• Required action: Each entry below should be retyped exactly as given.

══════════

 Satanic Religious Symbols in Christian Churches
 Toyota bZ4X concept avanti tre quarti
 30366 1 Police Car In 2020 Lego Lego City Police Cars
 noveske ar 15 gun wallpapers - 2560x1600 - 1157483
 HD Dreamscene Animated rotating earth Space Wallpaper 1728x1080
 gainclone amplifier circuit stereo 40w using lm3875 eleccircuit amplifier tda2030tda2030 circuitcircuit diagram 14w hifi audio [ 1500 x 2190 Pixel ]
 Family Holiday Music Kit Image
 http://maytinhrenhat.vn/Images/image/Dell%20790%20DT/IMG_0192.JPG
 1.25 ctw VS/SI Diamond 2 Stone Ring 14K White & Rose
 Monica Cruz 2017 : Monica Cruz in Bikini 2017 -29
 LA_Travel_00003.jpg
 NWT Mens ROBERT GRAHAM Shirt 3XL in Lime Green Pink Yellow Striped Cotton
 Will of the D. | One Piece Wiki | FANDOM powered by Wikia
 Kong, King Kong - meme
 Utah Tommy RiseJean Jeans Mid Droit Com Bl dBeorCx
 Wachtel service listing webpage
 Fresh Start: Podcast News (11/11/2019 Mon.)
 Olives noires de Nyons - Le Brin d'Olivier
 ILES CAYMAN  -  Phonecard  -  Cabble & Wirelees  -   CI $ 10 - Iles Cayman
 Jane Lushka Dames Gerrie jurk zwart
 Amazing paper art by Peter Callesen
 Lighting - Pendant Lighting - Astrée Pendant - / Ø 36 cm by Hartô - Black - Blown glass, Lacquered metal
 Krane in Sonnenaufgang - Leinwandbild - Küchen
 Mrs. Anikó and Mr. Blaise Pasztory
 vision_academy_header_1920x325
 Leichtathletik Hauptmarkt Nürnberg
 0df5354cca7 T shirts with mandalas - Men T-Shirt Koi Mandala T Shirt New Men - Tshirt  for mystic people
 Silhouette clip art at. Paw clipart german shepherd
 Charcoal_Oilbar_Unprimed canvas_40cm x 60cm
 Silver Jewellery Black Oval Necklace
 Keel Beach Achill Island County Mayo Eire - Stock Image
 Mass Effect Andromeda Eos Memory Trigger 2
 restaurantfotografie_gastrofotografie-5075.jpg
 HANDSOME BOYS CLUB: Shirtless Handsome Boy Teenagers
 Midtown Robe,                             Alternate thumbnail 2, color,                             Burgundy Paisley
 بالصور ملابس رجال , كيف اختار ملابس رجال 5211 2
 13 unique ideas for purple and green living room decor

══════════

• Written response:
 Satanic Religious Symbols in Christian Churches
 Toyota bZ4X concept avanti tre quarti
 30366 1 Police Car In 2020 Lego Lego City Police Cars
 noveske ar 15 gun wallpapers - 2560x1600 - 1157483
 HD Dreamscene Animated rotating earth Space Wallpaper 1728x1080
 gainclone amplifier circuit stereo 40w using lm3875 eleccircuit amplifier tda2030tda2030 circuitcircuit diagram 14w hifi audio [ 1500 x 2190 Pixel ]
 Family Holiday Music Kit Image
 http://maytinhrenhat.vn/Images/image/Dell%20790%20DT/IMG_0192.JPG
 1.25 ctw VS/SI Diamond 2 Stone Ring 14K White & Rose
 Monica Cruz 2017 : Monica Cruz in Bikini 2017 -29
 LA_Travel_00003.jpg
 NWT Mens ROBERT GRAHAM Shirt 3XL in Lime Green Pink Yellow Striped Cotton
 Will of the D. | One Piece Wiki | FANDOM powered by Wikia
 Kong, King Kong - meme
 Utah Tommy RiseJean Jeans Mid Droit Com Bl dBeorCx
 Wachtel service listing webpage
 Fresh Start: Podcast News (11/11/2019 Mon.)
 Olives noires de Nyons - Le Brin d'Olivier
 ILES CAYMAN  -  Phonecard  -  Cabble & Wirelees  -   CI $ 10 - Iles Cayman
 Jane Lushka Dames Gerrie jurk zwart
 Amazing paper art by Peter Callesen
 Lighting - Pendant Lighting - Astrée Pendant - / Ø 36 cm by Hartô - Black - Blown glass, Lacquered metal
 Krane in Sonnenaufgang - Leinwandbild - Küchen
 Mrs. Anikó and Mr. Blaise Pasztory
 vision_academy_header_1920x325
 Leichtathletik Hauptmarkt Nürnberg
 0df5354cca7 T shirts with mandalas - Men T-Shirt Koi Mandala T Shirt New Men - Tshirt  for mystic people
 Silhouette clip art at. Paw clipart german shepherd
 Charcoal_Oilbar_Unprimed canvas_40cm x 60cm
 Silver Jewellery Black Oval Necklace
 Keel Beach Achill Island County Mayo Eire - Stock Image
 Mass Effect Andromeda Eos Memory Trigger 2
 restaurantfotografie_gastrofotografie-5075.jpg
 HANDSOME BOYS CLUB: Shirtless Handsome Boy Teenagers
 Midtown Robe,                             Alternate thumbnail 2, color,                             Burgundy Paisley
 بالصور ملابس رجال , كيف اختار ملابس رجال 5211 2
 13 unique ideas for purple and green living room decor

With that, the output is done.